■ Instructions for the task: Write out the data word for word and drop any picture you find.

Dataset excerpts:
+ + + + +
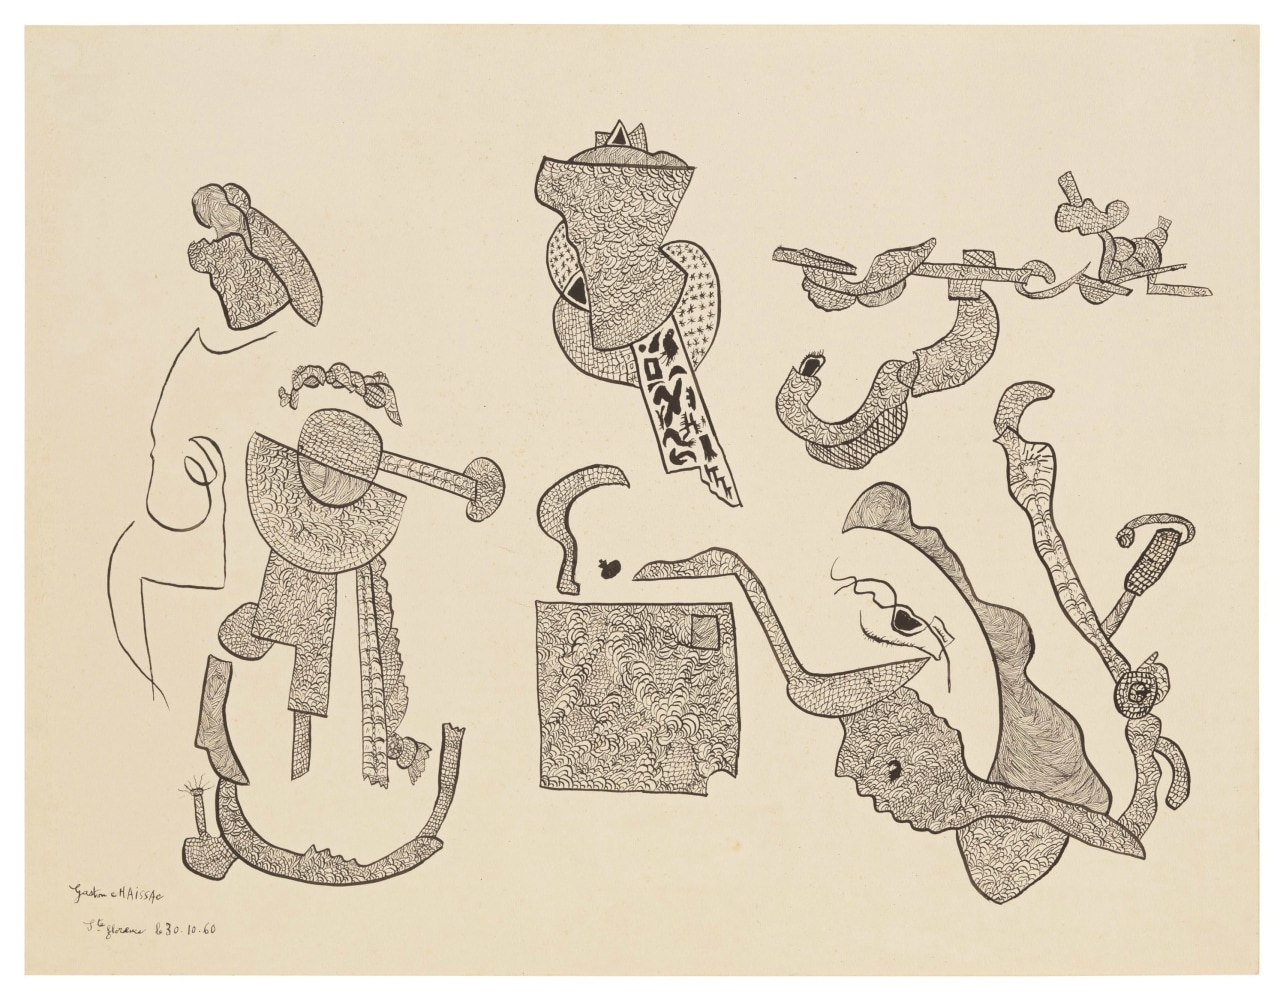 &amp;ldquo;Untitled&amp;rdquo;, 1960
India ink on paper
19 1/2 x 25 1/2 inches
49.5 x 64.5 cm
CHA 5
+ + + + +
■ Solution for this problem:
 &amp;ldquo;Untitled&amp;rdquo;, 1960
India ink on paper
19 1/2 x 25 1/2 inches
49.5 x 64.5 cm
CHA 5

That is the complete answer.